Alacrity Tooltip Error
I think you may be getting confused by the wording, or possibly the wording is mixed up. It isn’t clear whether things are coded multiplicatively as you have assumed.
First, the wiki pages says that “for every 3 seconds chilled, only 1 second of cooldown will have expired” (https://wiki.guildwars2.com/wiki/Chilled). If this is wrong then everything that follows is irrelevant.
If the above is true, this implies skill recharge modifiers are applied additively, for example according to something like the following:
The base rate of recharge is 1 (1 second per 1 second). The actual rate of recharge is given by (1+M), where M is the modifier. Now assuming no chill or alacrity, M=0. Based on the above, I think it’s safe to assume that chill applies -.66 additively to M as follows, if we let MC be the modifier under the effects of chill:
(1+MC)=1-.66=.33, or 1/3. This would match the information on the wiki, giving us 3 seconds under chill to achieve 1 second of recharge.

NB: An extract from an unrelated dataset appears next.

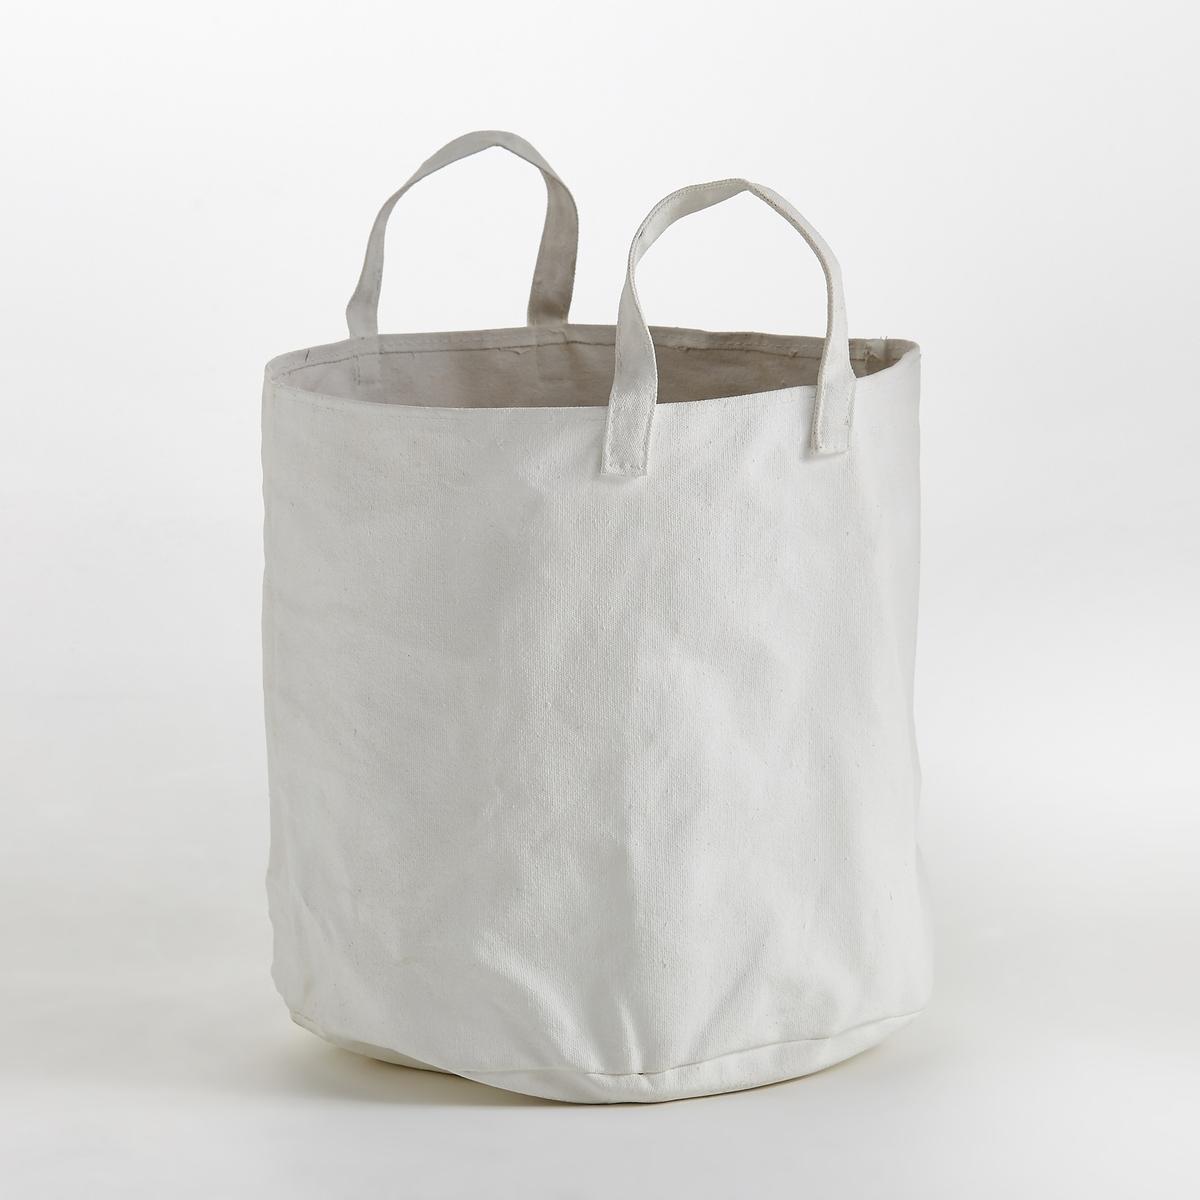 Сумка из канвы с пропиткой, большая модель Marie MichielssenБольшая сумка, дизайн Мари Мишельссен для Serax. Сумку можно использовать как кашпо или для хранения любых вещей : журналы, пледы… 2 большие ручки позволяют повесить ее, чтобы придать оригинальности декору. Характеристики: : - Из 100% хлопка с обработкой бесцветным лаком для придания прочности и хорошей поддержки - Поставляется с непромокаемой сумкой из прозрачного пластика- Чистить с помощью влажной тряпки. Не стирать в стиральной машине  Размеры  : - ?37 x В35 см<br><br>Цвет: белый
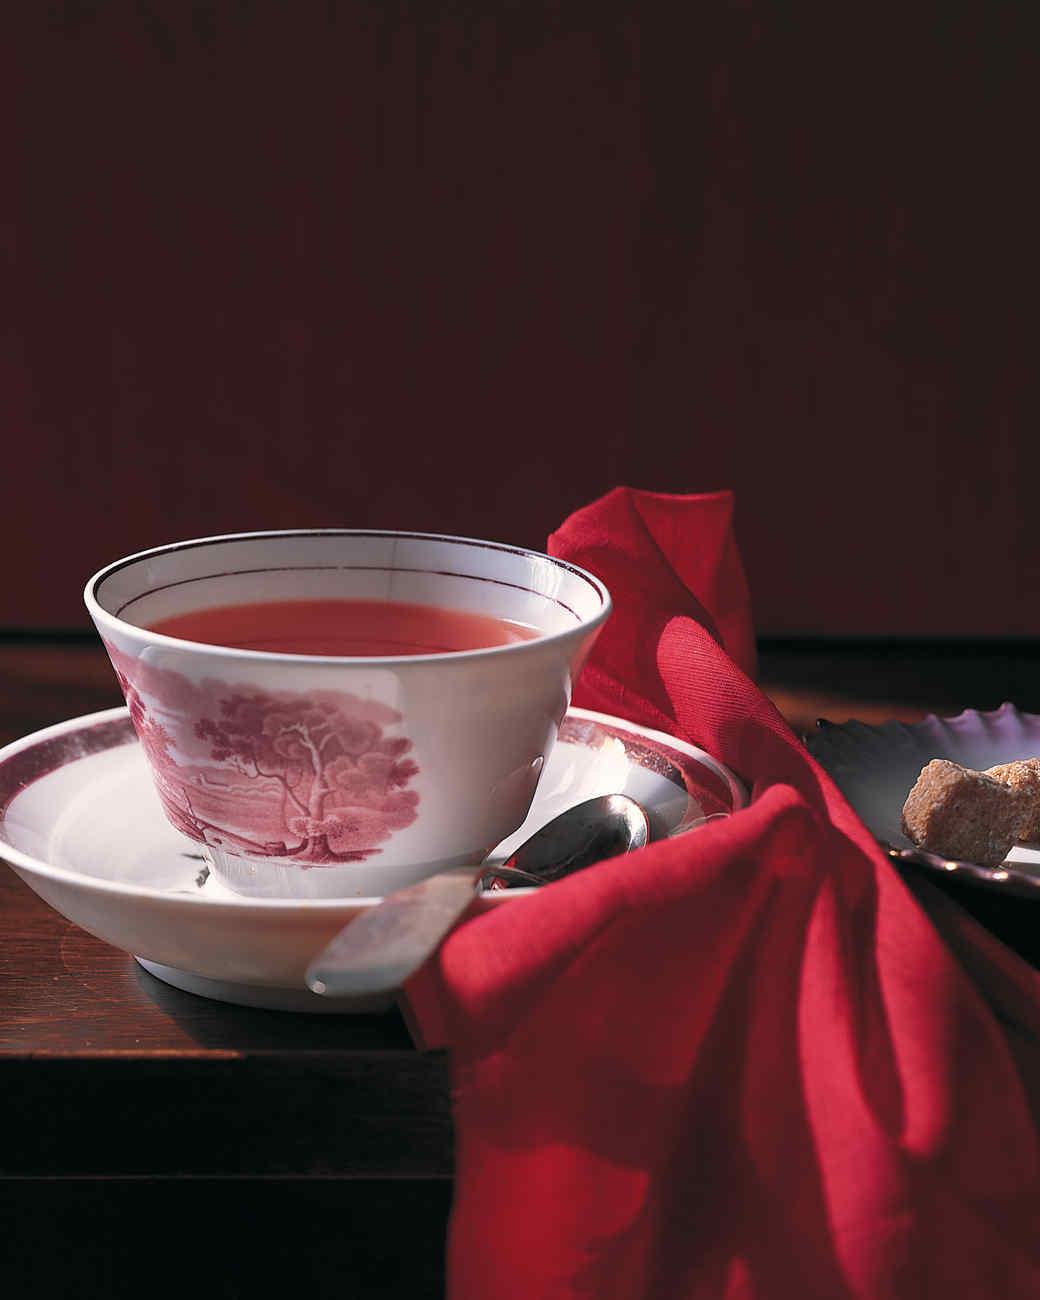 pomegranate-tea-1202-mla99182.jpg

If the above is true, then the “+66%” language simply means MA, the modifier for alacrity, is .66 and is applied additively as above:
(1+MA)=1+.66=1.66 or 5/3. This means that for every 3 seconds of real time you get 5 seconds of recharge. Moreover if things are coded additively like this, then the chill and alacrity modifiers would be the “opposite” of each other: Under the effects of both your recharge would look like
(1+MC+MA)=1-.66+.66=1.
So, I don’t think it’s clear that there is an error unless you can see exactly how these modifiers are coded and applied (multiplicatively as you have assumed, or additively as above). English is going to be imprecise, and really the only precise statement possible is to just show the equations in the code (would be neat if they would just do that).
First, the wiki pages says that “for every 3 seconds chilled, only 1 second of cooldown will have expired” (https://wiki.guildwars2.com/wiki/Chilled). If this is wrong then everything that follows is irrelevant.
This is wrong, I tested it myself last night.
For 9 seconds real time, a chilled skill recharged for 6 seconds of time.
I’ll just go ahead and update the wiki actually.
Edit: You’re still right about multiplicative vs additive calculations though. However, additive is NOT a % rate, it’s flat. If they want to use % on tooltips, then they need to use it properly.
Even if they calculated it as -.33 seconds per second, and +.33 seconds per second, which would be the additive way of doing it…alacrity is not the rate reversal of chill, it’s simply a flat counter rate.
(edited by Fay.2357)
First, the wiki pages says that “for every 3 seconds chilled, only 1 second of cooldown will have expired” (https://wiki.guildwars2.com/wiki/Chilled). If this is wrong then everything that follows is irrelevant.
This is wrong, I tested it myself last night.
For 9 seconds real time, a chilled skill recharged for 6 seconds of time.
I’ll just go ahead and update the wiki actually.
Edit: You’re still right about multiplicative vs additive calculations though. However, additive is NOT a % rate, it’s flat. If they want to use % on tooltips, then they need to use it properly.
Even if they calculated it as -.33 seconds per second, and +.33 seconds per second, which would be the additive way of doing it…alacrity is not the rate reversal of chill, it’s simply a flat counter rate.
They just need to publish what the equations are. Trying to parse English descriptions of mathematical equations, which almost by necessity are always cumbersome and confusing, is a waste of time.
First, the wiki pages says that “for every 3 seconds chilled, only 1 second of cooldown will have expired” (https://wiki.guildwars2.com/wiki/Chilled). If this is wrong then everything that follows is irrelevant.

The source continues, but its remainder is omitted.